“住口!”绍绪帝呵斥!
暖阁內顿时陷入一片死寂。地龙的暖流无声涌动,沉水香和药香的气息似乎更浓了些。
皇帝捻动佛珠的手指彻底停住。他看著那个匍匐在地上,抖著身子的奴婢,那深潭般的眼底,似乎第一次清晰地映出眼前这个病弱太监的身影。邓修翼的回答,几乎完美契合了他心中所想,甚至更清晰地勾勒出了行动的边界和“大义”的名分。这非但不是推諉,简直是主动献上了锋利的刀!

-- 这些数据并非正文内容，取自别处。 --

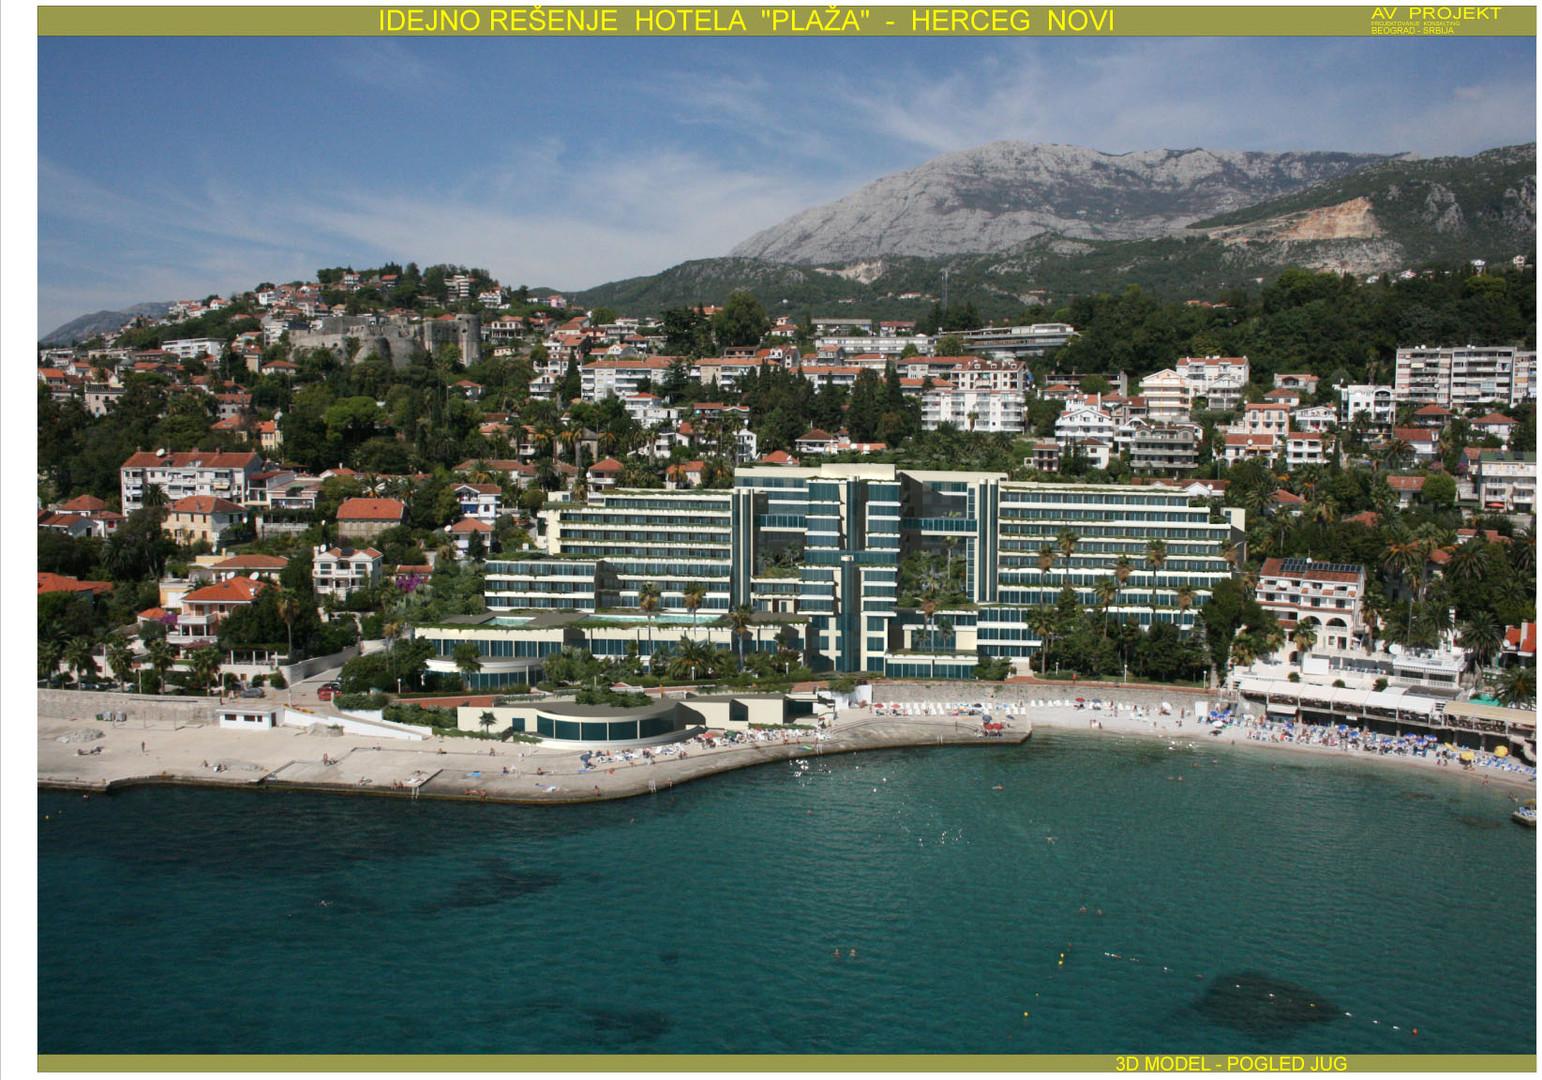 Hotel Plaza future plan

然而,皇帝的嘴角非但没有舒展,反而抿成了一条更冷的直线。他看著邓修翼那张因惊恐而微微泛红却又苍白依旧的脸,想起他先前陈述时眼中那份近乎殉道般的坦荡和冷静,一股难以言喻的、混杂著满意与更深怀疑的戾气,猛地窜上心头!
“护国之法……尽忠之道……绝无半分私心杂念……”皇帝的声音陡然拔高了一度,带著一种尖锐的、压抑不住的冰冷质问,“邓修翼!你之前讲得如此冠冕堂皇,句句为国为君!那你告诉朕,”他身体微微前倾,目光如同淬毒的冰锥,死死钉在邓修翼脸上,“你自己……有没有结党!你心里头……到底……存的是朕,还是……別的什么人!”
那“太子”二字几乎要脱口而出!但就在即將迸发的瞬间,皇帝猛地收住了口,硬生生將后半句咽了回去,只剩下一个充满无尽猜忌和暴戾的冰冷眼神,以及那句未尽的、足以令人窒息的詰问,在暖阁中迴荡!
邓修翼忍著五臟六腑的痛,忍著额头的痛,仔细听著皇帝的话。当皇帝说出“別的什么人”时,邓修翼明白了,皇帝怀疑他结党,並且能够让皇帝如此反覆如此厌恶的“党”,只有一人,那便是太子!
“陛下!”此时,邓修翼反而冷静了,他压抑著喉头的血,缓缓道:“奴婢不敢有丝毫结党营私之想!陛下明察秋毫,洞鉴万里!”他抬起了身子,將额头的血,嘴边的血都呈现给皇帝,平静地道:“奴婢愿以死明志!”
帷幕后的铁坚,目睹著这地狱般的一幕,只觉得一股寒气从脚底直衝天灵盖!他见过战场上的尸山血海,却从未见过如此摧折人心的精神凌迟!那个初五日在他面前平静说出“是陛下要奴婢做”的司礼监掌印,那个片刻前还能引经据典、献策“护国尽忠”的智者,此刻竟被皇帝一声称呼逼得如同待宰羔羊般在地上自承卑贱、自毁尊严!邓修翼那文雅却卑微到骨子里的哭诉和额头、嘴边刺目的血痕,像烧红的烙铁,狠狠烫在铁坚的灵魂上。
他终於彻底、直观地领悟到,在这至高无上的皇权面前,无论你学识如何渊博、智谋如何过人,都不过是帝王掌心可以隨意揉捏、彻底摧毁的微尘!所谓的文人风骨、智谋韜略,在帝王的猜忌和威压下,脆弱得如同秋叶!一股难以言喻的恐惧和物伤其类的悲凉,瞬间淹没了铁坚,让他几乎站立不稳,只能死死抓住绒帷,指甲深深掐进掌心。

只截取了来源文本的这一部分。